El pueblo que lo vio nacer

Vicente Cuan era un viajero incansable, un trotamundo que desde temprana edad armó su equipaje y paso a paso fue alejándose, dándole la espalda a su querido pueblo natal. Visitó extrañas aldeas y poblados con sus simpáticas costumbres y misteriosas creencias. Incluso paseó por la ciudad telaraña suspendida sobre un abismo que había visitado Marco Polo en uno de sus viajes. Cierto día, con la barba larga y después de incontables años de caminata, se encontró parado en el centro de una ciudad que le resultaba conocida. Todo estaba tan distinto que tardó en darse cuenta. Su pequeño pueblo había crecido y aquellas casitas de ladrillos, ahora parecían querer tocar el cielo. Finalmente, Vicente Cuan, un visitante del mundo y un enamorado de cada uno de sus rincones, decidió vivir su vejez en el pueblo que lo había visto nacer.
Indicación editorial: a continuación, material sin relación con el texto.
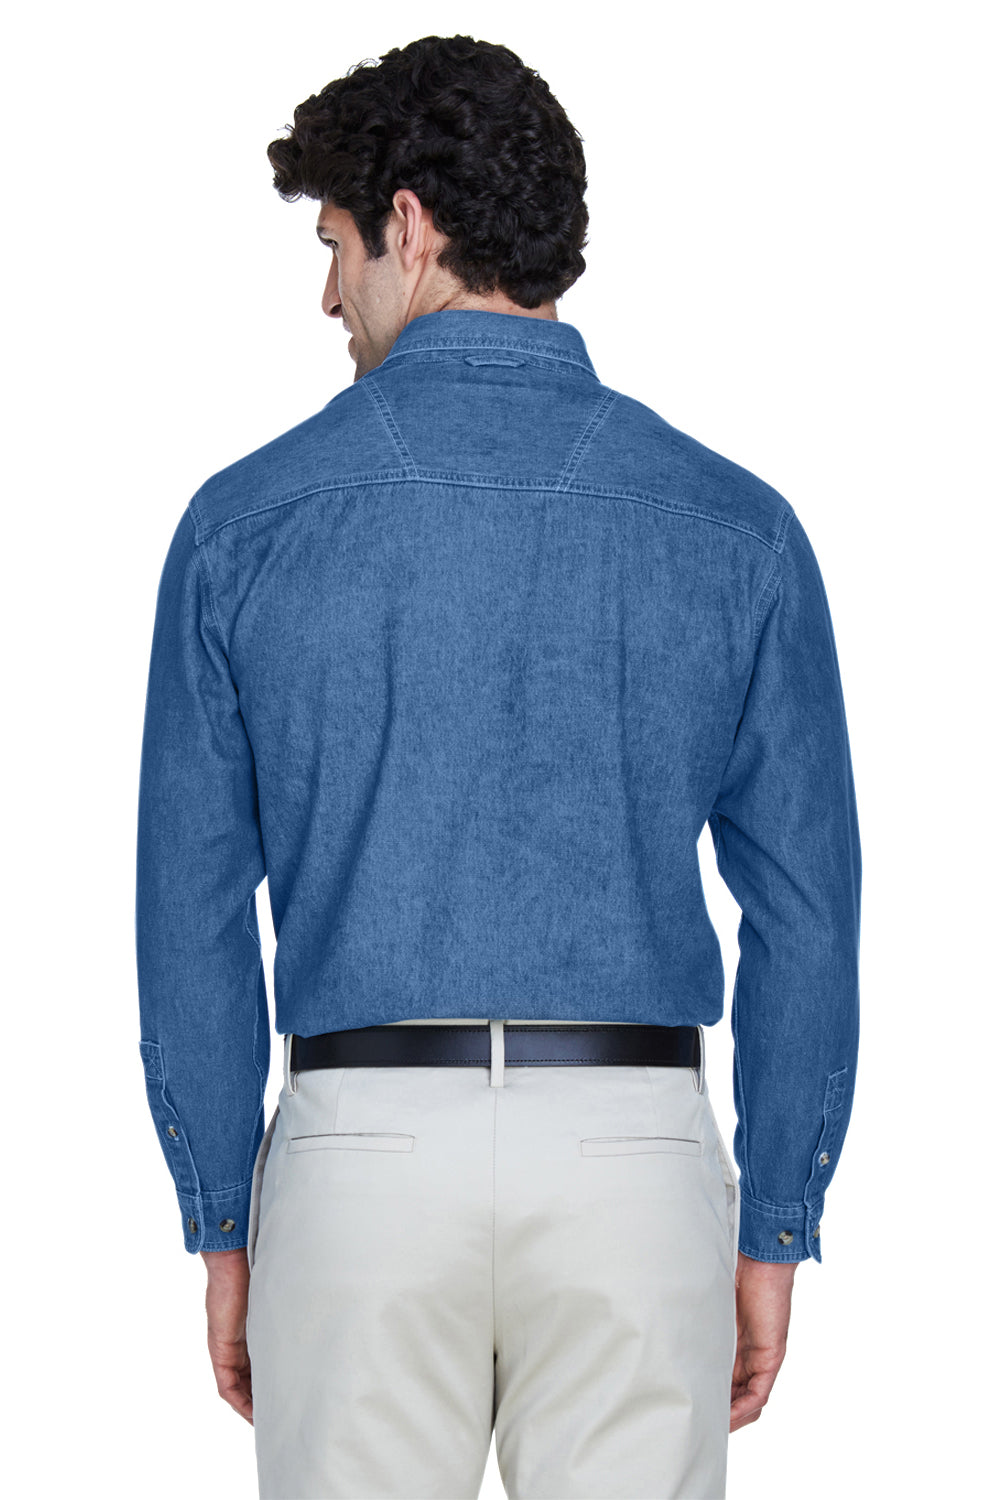 UltraClub 8960 Mens Cypress Denim Long Sleeve Button Down Shirt w/ Pocket Indigo Blue Back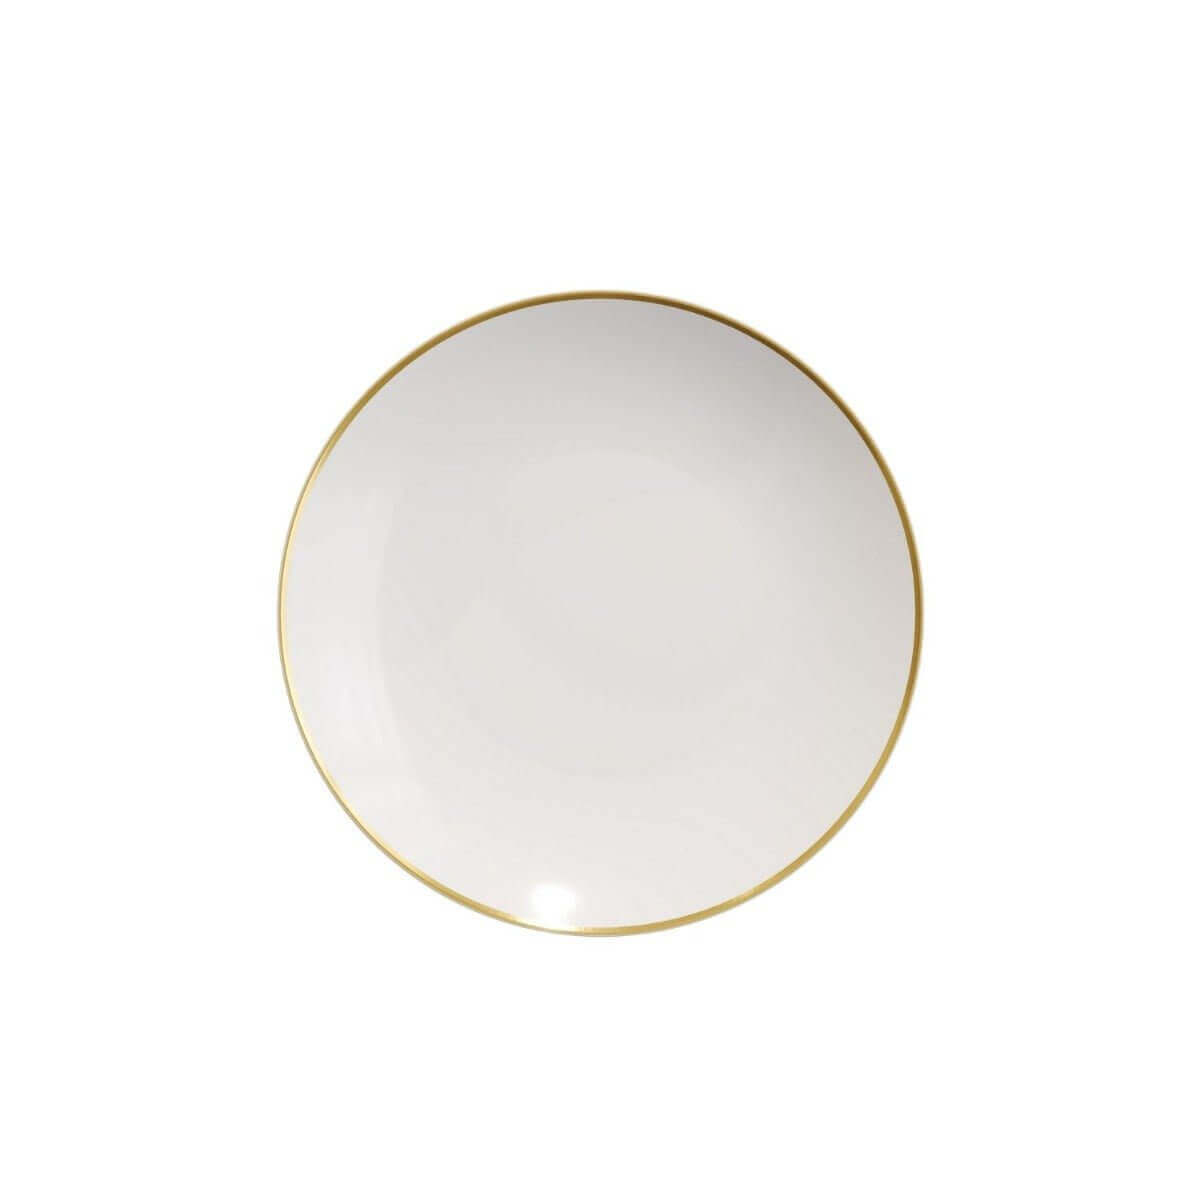 6" Classic Gold Design Plastic Plates (40 Count) - Yom Tov Settings

Un pueblo que había crecido y aprendido tanto como él.

Desde aquel 8 de octubre

Una extraña mutación genética afecta gravemente a las mujeres del planeta y desde hace treinta largos años, la humanidad reza por un milagro científico. El género masculino ha sobrepoblado el mundo por completo y la raza humana, carente de mujeres capaces de engendrar mujeres, corre peligro de desaparecer. La última hembra del planeta nació tres décadas atrás y desde aquel 8 de octubre, ninguna madre fue capaz de parir a una futura madre. Habiéndose perdido el equilibrio, todos los seres humanos nacen hombres y en este catastrófico escenario, abundan las relaciones homosexuales mientras que las mujeres son meticulosamente estudiadas en laboratorios científicos. Aquellas que se escapan, agotadas de tantos intentos de fertilización, solo consiguen protección bajo la piadosa ayuda de algunas aldeas aisladas que conviven bajo sus propias reglas. El escaso género femenino, sometido, muere paulatinamente y junto con las mujeres, desaparece la esperanza de vida de la especie humana.